# Place of issue - British passport?



## Hertsfem

Please can someone tell me where I find the place of issue in a British passport?
I have a feeling it was Peterborough but don't want to just guess.

Many thanks


----------



## Joppa

It doesn't matter (just enter UK), but if you want to know, just remember where you sent your passport application to. If it was Peterborough, enter that.


----------



## Hertsfem

Thanks Joppa - it does ask for town and country on the form which is why I asked


----------



## Joppa

You can leave those details blank in case of UK passports, but non-UK passports often list the exact place of issue.


----------



## Hertsfem

Thanks Joppa


----------



## conehead980

My US passport doesn't have a city or state for place of issue, and under "issuing authority" the passport says "United States Department of State"

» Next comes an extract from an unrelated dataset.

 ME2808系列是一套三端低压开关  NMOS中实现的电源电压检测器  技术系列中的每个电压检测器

I tried to enter United States Department of State, and it ran out of character space at "Depart"
I tried US Department of State and it ran out at "Sta".

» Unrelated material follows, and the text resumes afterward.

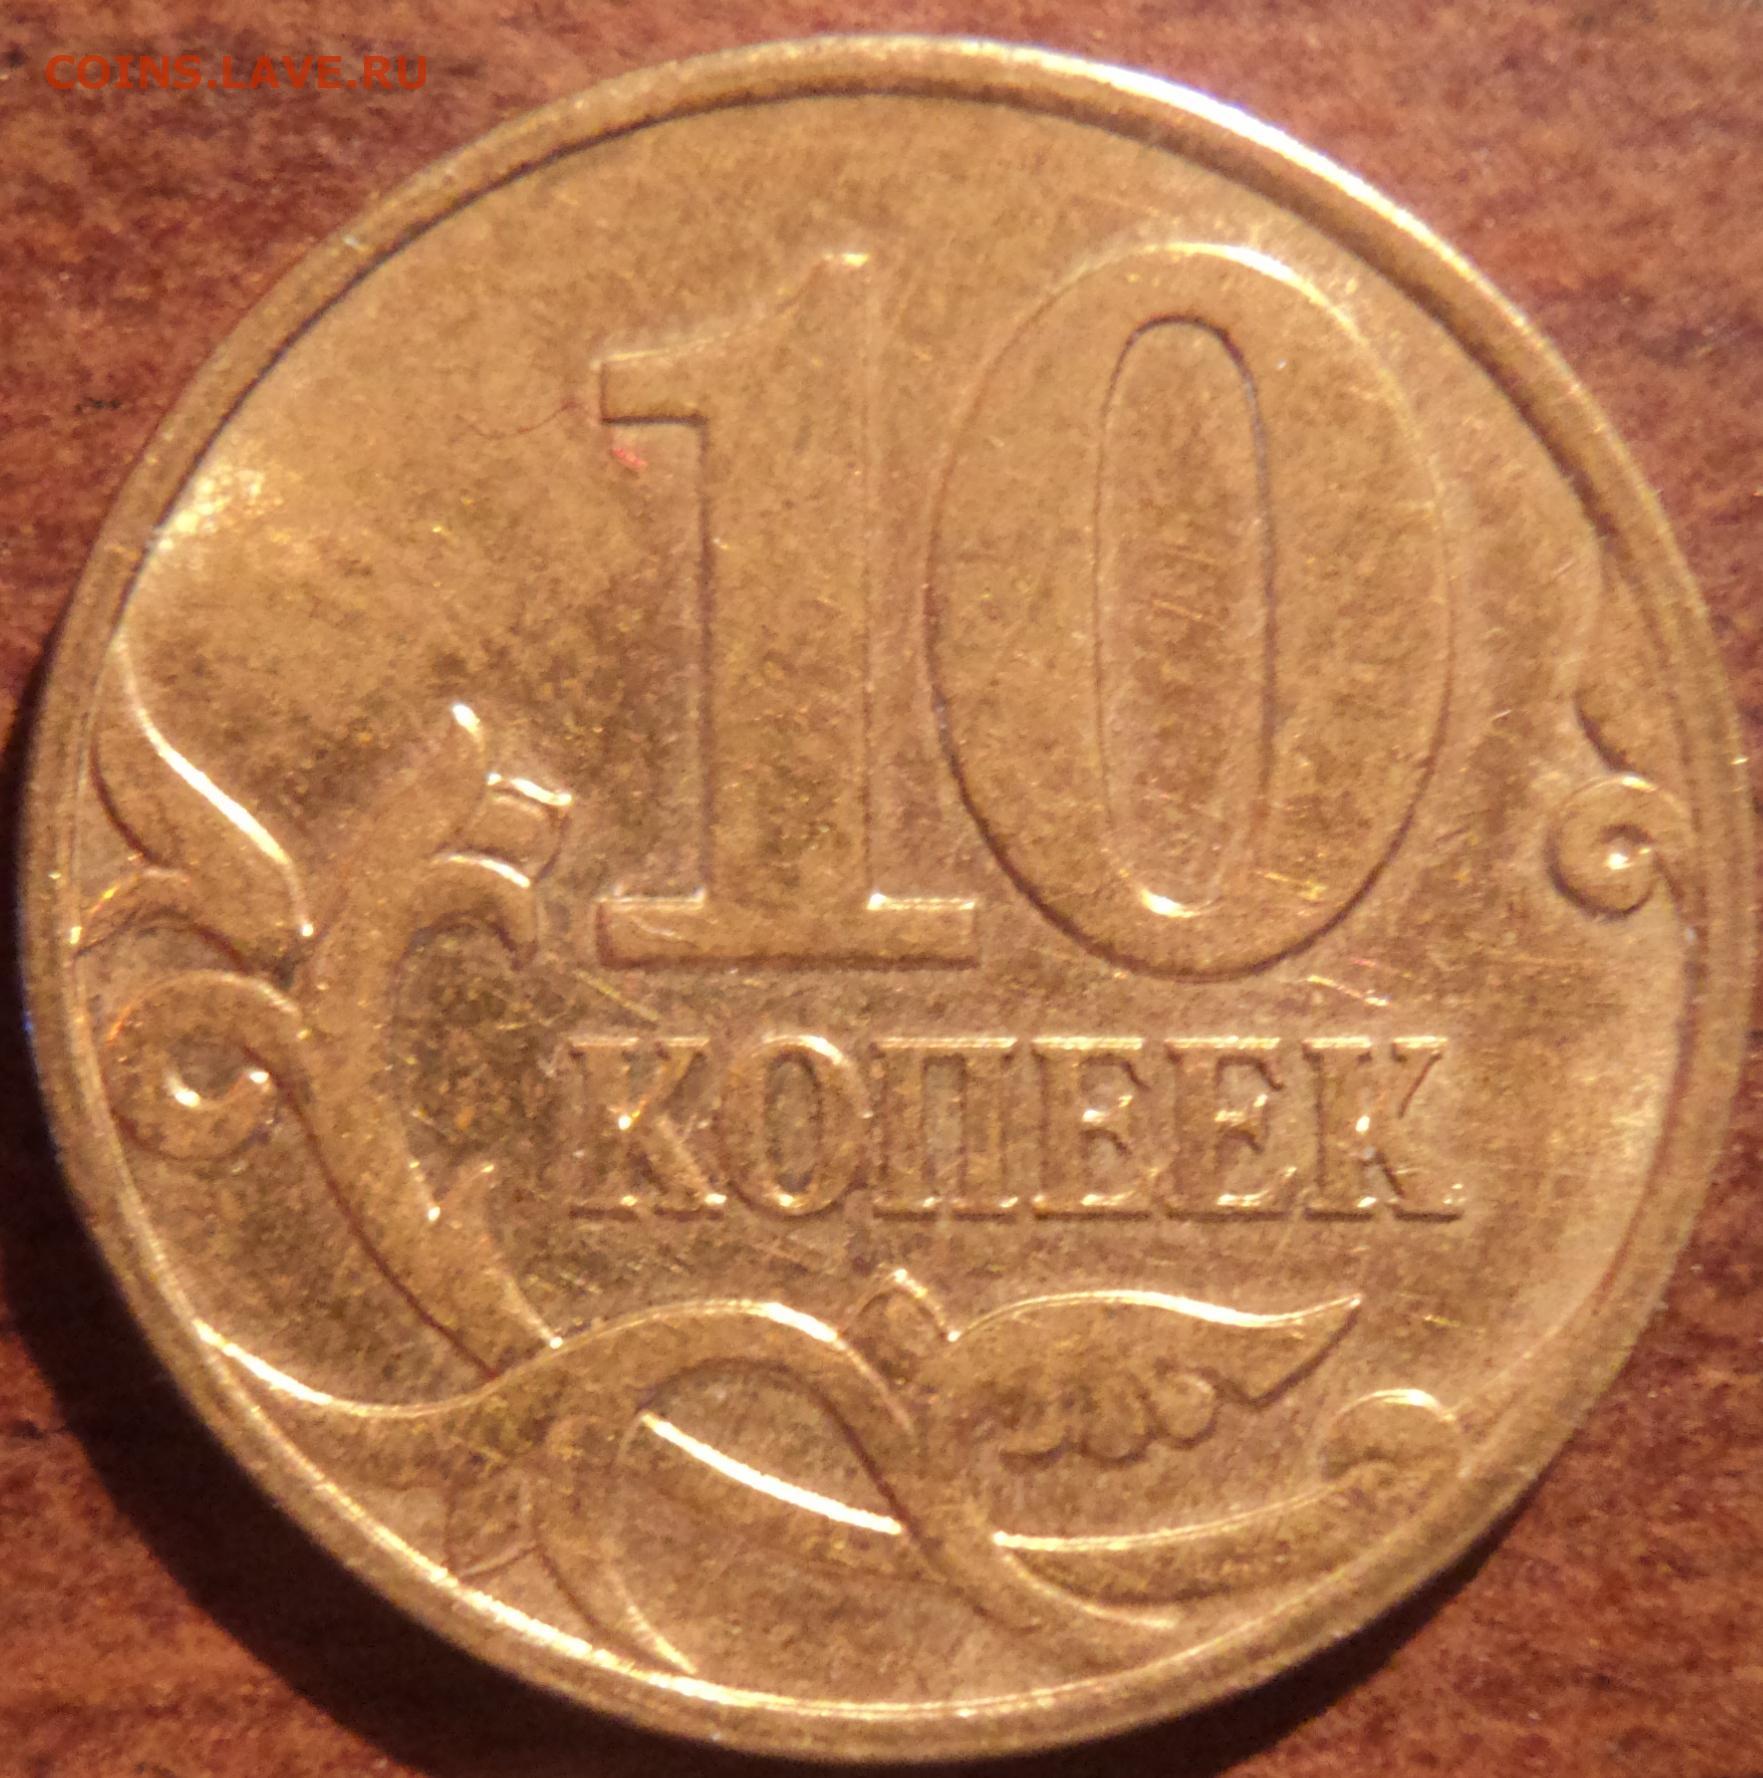 Монеты 10 копеек сп. 10 Копеек 2006 с-п (магнитные). 10 Копеек 2007. 10 Копеек 2007 года СП. 10 Копеек 2007 разновидности.

I'd think in this case, I would put United States as place of issue and Department of State (which just fits) as issuing authority, as there is literally no other option, but since the questions says specifically "how it is listed on your passport," it would not be the exact same information. 

They'd have my passport anyway, but I'd really rather not leave anything to chance and lose the application fee for something as trivial as that. 

Has anyone else run into the "running out of space" part in the issuing authority question? Perhaps this is a glitch in the new visa4uk roll out?


----------



## Hertsfem

I agree with you, however my sons says absolutely zip...


----------